When a company is comparing OCR versus manual data entry as a solution for converting paper to electronic media, there are really only three factors to consider – accuracy, implementation difficulty, and cost. These factors might seem relatively easy to compare, but when you’re faced with a deluge of marketing pitches from OCR and data entry vendors touting the benefits of their various solutions, it tends to get a bit murky. As a buyer of these kinds of solutions and services, it’s on you to make the right decision – a poor decision can be disastrous for your company, and your career. We’re going to break down the pros and cons of the three prevailing methodologies here, and cue you in to the pitfalls to look out for as you conduct your evaluation.

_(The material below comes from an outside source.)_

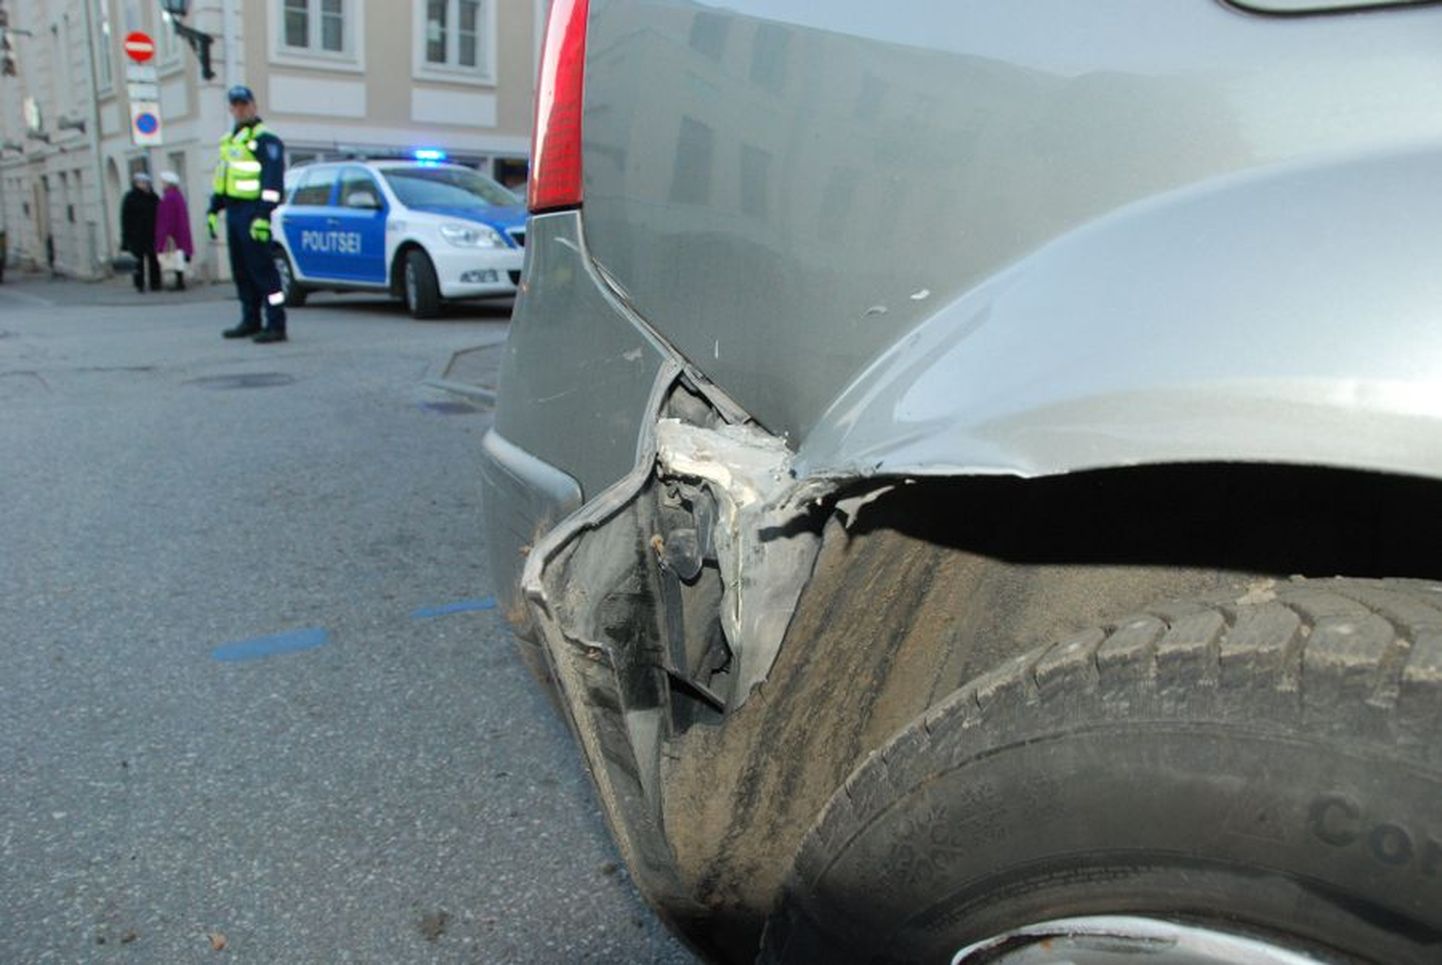 Ülikooli ja Jakobi tänava ristmiku juures rammis seni tabamata juht Renault sõiduautot ja põgenes.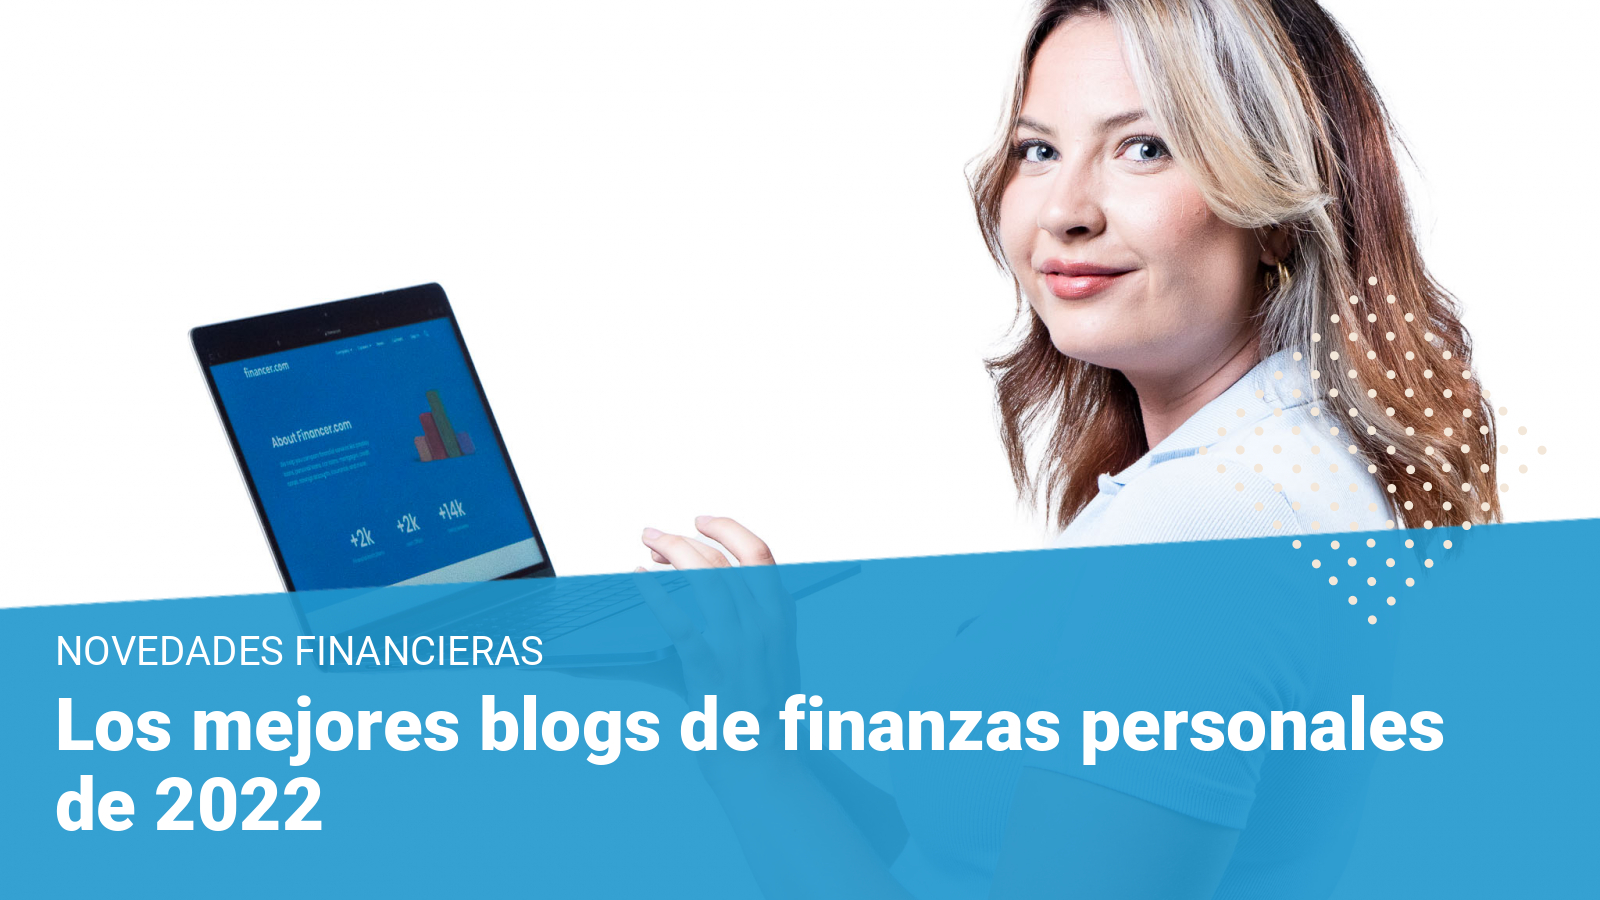 los mejores blogs de finanzas persoanles

OCR is “Optical Character Recognition,” a process whereby a document is scanned, and a software program reads the imaged document, trying to make out the individual characters, and returns the data from the document in an editable, digital format. On the surface, OCR doesn’t seem to be rocket surgery…but a commercial OCR solution can be incredibly complex. How does a software program tell the difference between a “1” and an “l”? A comma and a period? A “0” and a “O?” It all comes down to context, and to what a reader would expect to see in a given sample. If you’re expecting a phone number in a given field, for example, you would only expect to see numerals. If you program a piece of software to only expect numbers in a given field on a scanned form, it will be significantly more accurate than if you do not give it those “context clues.” Now, take a complicated form like an insurance claim for a hospital visit, with dozens upon dozens of fields, all expecting various different strings of data in different places, with numbers and alpha characters intermixed…it’s easy to see how many hundreds of rules must be built into an OCR system to accommodate those kinds of forms.
None of this is to imply that OCR is “bad” – OCR has come a long way, and many OCR vendors have invested hundreds of millions of dollars into their systems – some are now claiming as high as 98% accuracy, and even as high as 99% when combined with “vertext” processes (human text verification.) If you’ve ever tried to use a downloadable OCR application to read a page, you’ll immediately recognize that 98% accuracy is quite a feat.
What OCR is not (yet) is a replacement for human decision making in paper conversion. It is an assistive methodology, one that requires human intervention to resolve errors, inconsistencies, and illegible original data. Commercially available OCR cannot, as of yet, read handwriting with any reliable degree of accuracy. It cannot easily differentiate between a field label and the data in a field without extensive programming, and absolutely consistent text positioning within a field. (This is why many OCR forms are red-line forms – the field names and boxes are printed in red ink, and the form data in black ink, allowing the software to ignore red-colored input, and only read black-colored input.) This means photocopied forms are incredibly difficult for OCR programs to handle.
If you’ve ever had to copy data from a page to a word processing program, you’ll know that you’re bound to make some mistakes. Our brains tend to translate what we read into something we expect to have read, and our expectations are not always accurate. Not to mention our propensity towards typos. Even the best typists make mistakes. Manually entering data into a spreadsheet, database, or other electronic format is a process that can be riddled with errors if the methodology is not scientifically organized.
Many companies employ data entry personnel to enter data from forms into their information systems. To use the insurance industry as an example again, a data entry operator may need to type fifty or a hundred fields into a database when they are preparing to adjudicate a healthcare claim. If the methodology is to directly type data from the page into a system, errors will result. In-house manual data entry is NOT perfect.
There are methodologies, however, that can virtually eliminate errors. For example, Eagle uses a double-blind keying methodology with database assistance, whereby a document is divided into zones, and two separate individuals type the data from the fields in those zones into a database. (The zoning allows for a typist to focus on one type of data – numeric for example, or alpha data, reducing potential errors.) Those two entries are then electronically compared, against each other and against expected data (which may be based upon historical typing records, strictly controlled possible input values, or, for example, a database of mailing addresses.) When an discrepancy is found, the data is “kicked out” to a verifier, who must evaluate the typed data against the form and make a determination as to which version (or neither) is accurate, and make appropriate corrections. A maximum-accuracy approach like this is extremely labor intensive, but it’s as good as it gets – typically well over 99.9%.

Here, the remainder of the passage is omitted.